UCLA researchers have demonstrated for the first time that blood stem cells can be engineered to create cancer-killing T-cells that seek out and attack a human melanoma.
Done in mouse models, the study serves as first proof-of-principle that blood stem cells, which make every cell type found in blood, can be genetically altered in a living organism to create an army of melanoma-fighting T-cells, said Jerome Zack, study senior author and a scientist with UCLA’s Jonsson Comprehensive Cancer Center and the Eli and Edythe Broad Center of Regenerative Medicine and Stem Cell Research.
“We knew from previous studies that we could generate engineered T-cells, but would they work to fight cancer in a relevant model of human disease, such as melanoma,” said Zack, a professor of medicine and microbiology, immunology, and molecular genetics in Life Sciences. “We found with this study that they do work in a human model to fight cancer, and it’s a pretty exciting finding.”
The study appears Nov. 28, 2011 in the early online edition of Proceedings of the National Academy of Sciences. Antitumor activity from antigen-specific CD8 T cells generated in vivo from genetically engineered human hematopoietic stem cells
Researchers used a T-cell receptor from a cancer patient cloned by other scientists that seeks out an antigen expressed by this type of melanoma. They then genetically engineered the human blood stem cells by importing genes for the T-cell receptor into the stem cell nucleus using a viral vehicle. The genes integrate with the cell DNA and are permanently incorporated into the blood stem cells, theoretically enabling them to produce melanoma-fighting cells indefinitely and when needed, said Dimitrios N. Vatakis, study first author and an assistant researcher in Zack’s lab.

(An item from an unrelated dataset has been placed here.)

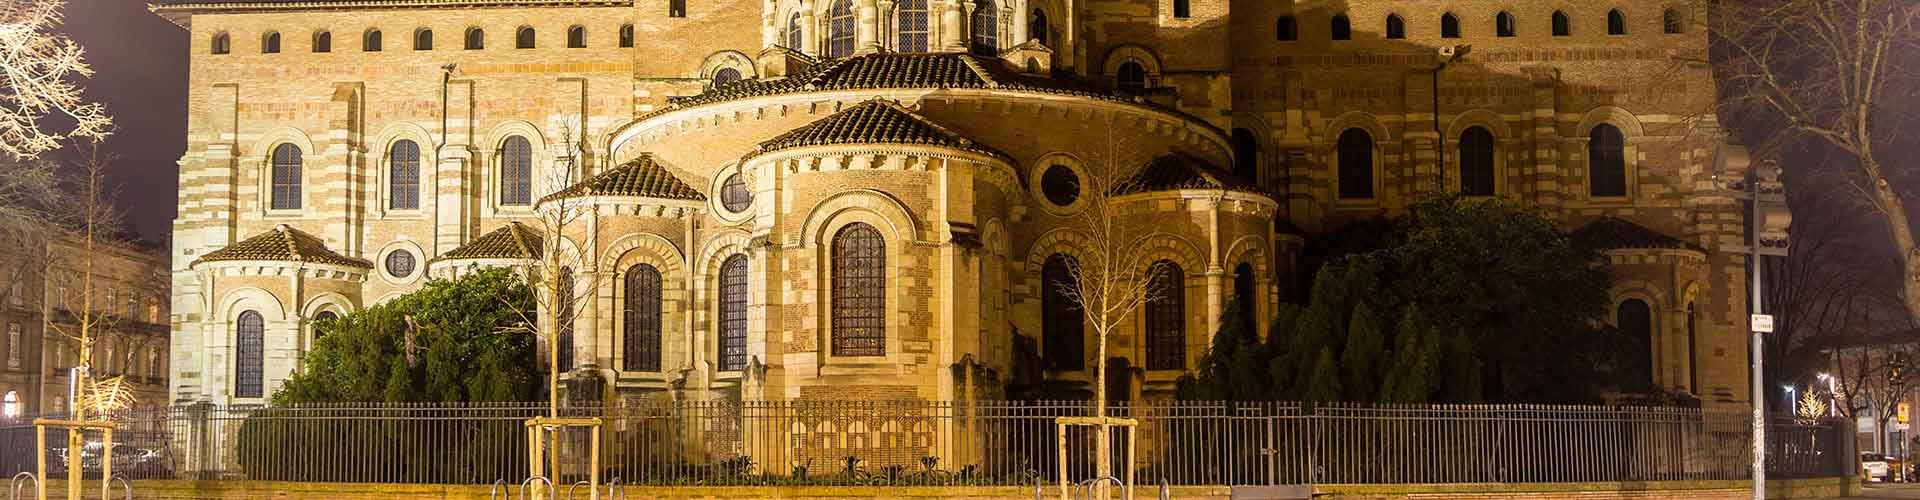 Toulouse - Hostales en el distrito Saint-Sernin. Mapas de Toulouse, Fotos y comentarios de cada Hostal en Toulouse.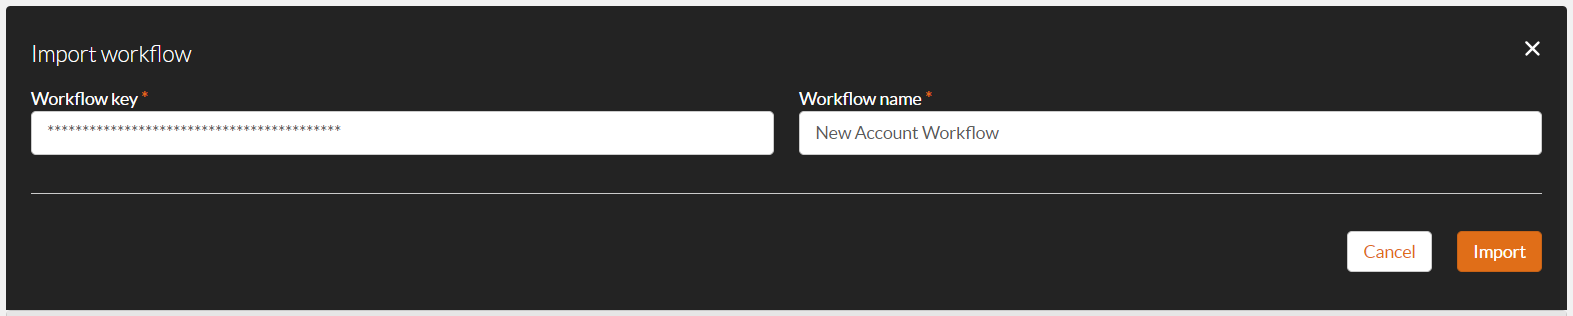 Integrating Transact Web Services with Nintex | Ephesoft Docs

“The nice thing about this approach is a few engineered stem cells can turn into an army of T-cells that will respond to the presence of this melanoma antigen,” Vatakis said. “These cells can exist in the periphery of the blood and if they detect the melanoma antigen, they can replicate to fight the cancer.”
In the study, the engineered blood stem cells were placed into human thymus tissue that had been implanted in the mice, allowing Zack and his team to study the human immune system reaction to melanoma in a living organism. Over time, about six weeks, the engineered blood stem cells developed into a large population of mature, melanoma-specific T-cells that were able to target the right cancer cells.
The mice were then implanted with two types of melanoma, one that expressed the antigen complex that attracts the engineered T-cells and one tumor that did not. The engineered cells specifically went after the antigen-expressing melanoma, leaving the control tumor alone, Zack said.
The study included nine mice. In four animals, the antigen-expressing melanomas were completely eliminated. In the other five mice, the antigen-expressing melanomas decreased in size, Zack said, an impressive finding.